• [THE INPUT]
[Start of Attachment]

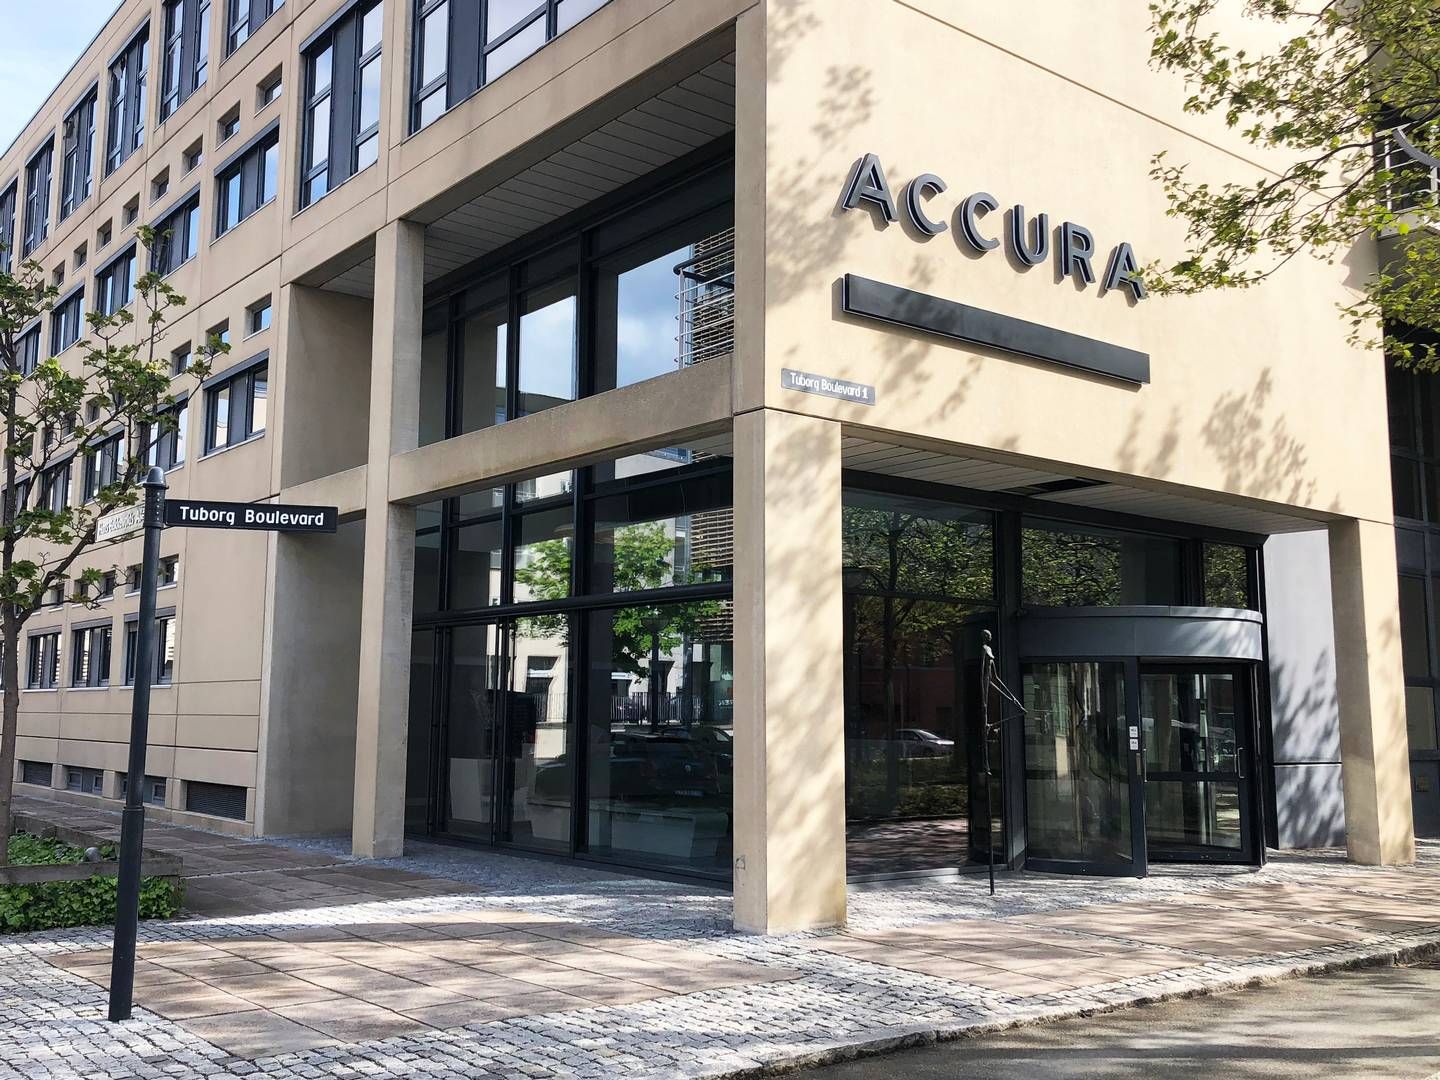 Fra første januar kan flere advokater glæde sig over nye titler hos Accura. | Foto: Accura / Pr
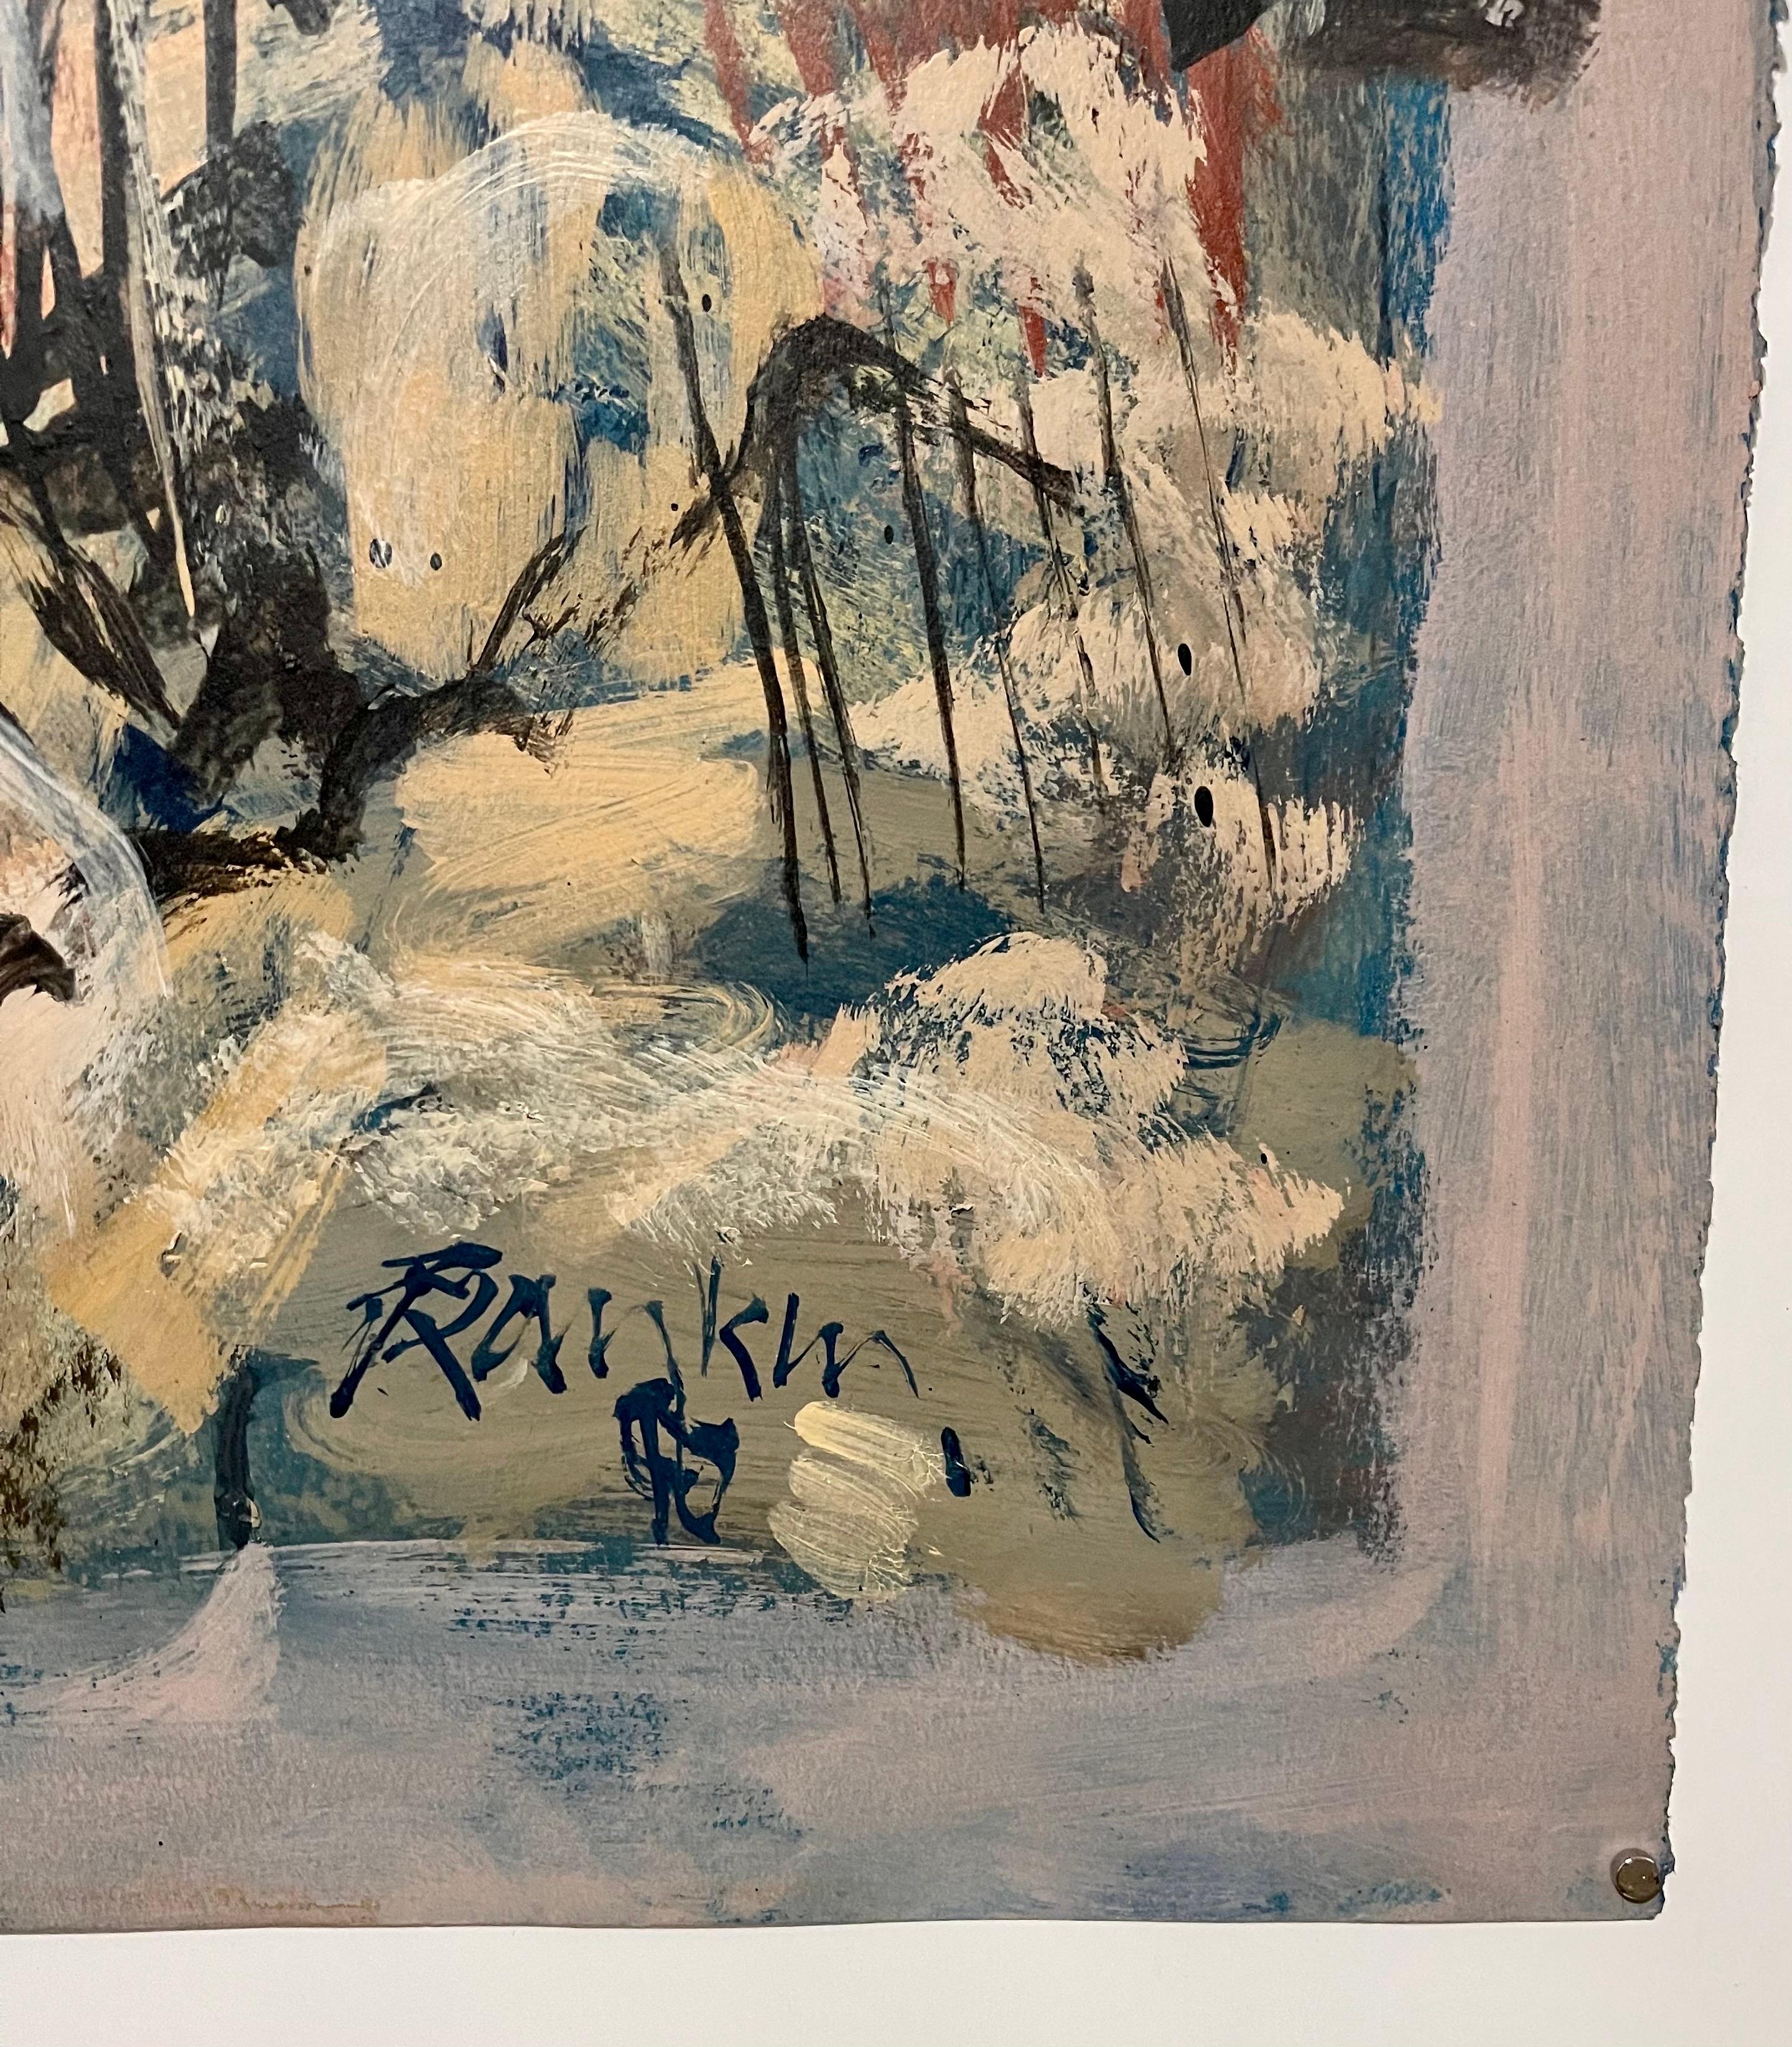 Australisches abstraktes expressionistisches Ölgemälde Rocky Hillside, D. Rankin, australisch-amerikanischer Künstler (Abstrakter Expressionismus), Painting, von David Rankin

[End of Attachment]
[Start of Attachment]

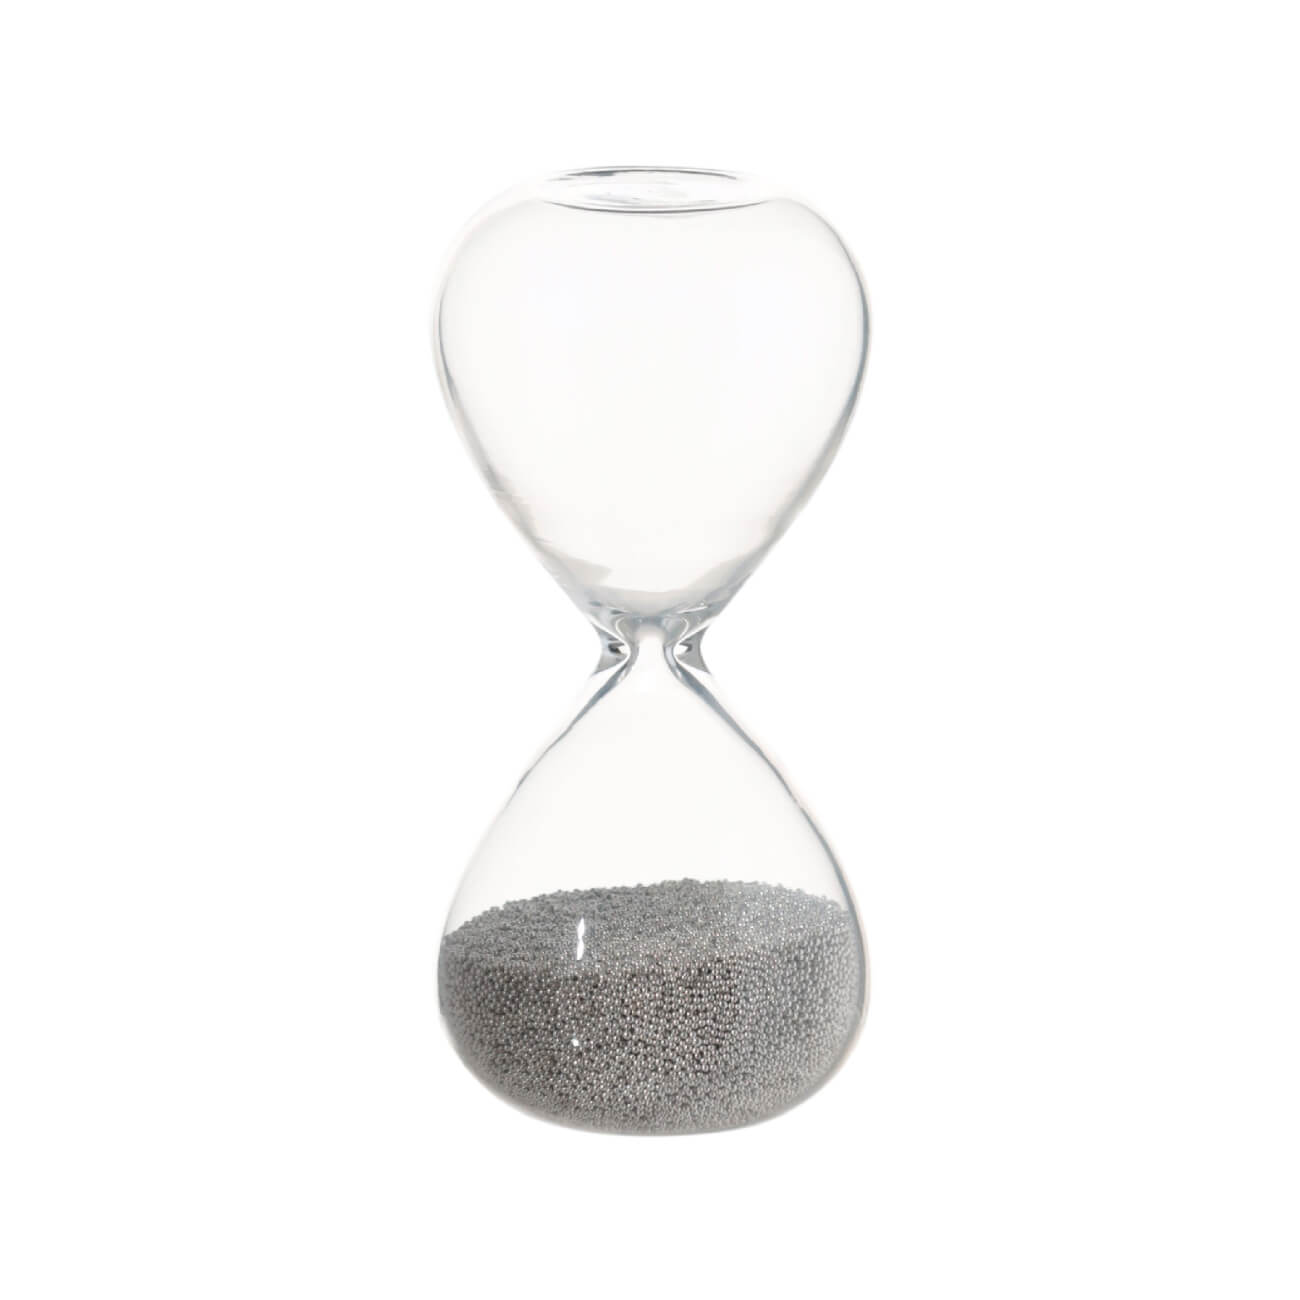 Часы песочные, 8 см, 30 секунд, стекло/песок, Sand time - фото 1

[End of Attachment]

• [AIM OF THE TASK] Range to copy from the listing above: the line containing "Fra første januar" down to the line containing "Australisches abstraktes expressionistisches", both included. Reproduce it exactly, minus the pictures, and add nothing.

• [ANSWER TO THE EXERCISE]
 Fra første januar kan flere advokater glæde sig over nye titler hos Accura. | Foto: Accura / Pr
 Australisches abstraktes expressionistisches Ölgemälde Rocky Hillside, D. Rankin, australisch-amerikanischer Künstler (Abstrakter Expressionismus), Painting, von David Rankin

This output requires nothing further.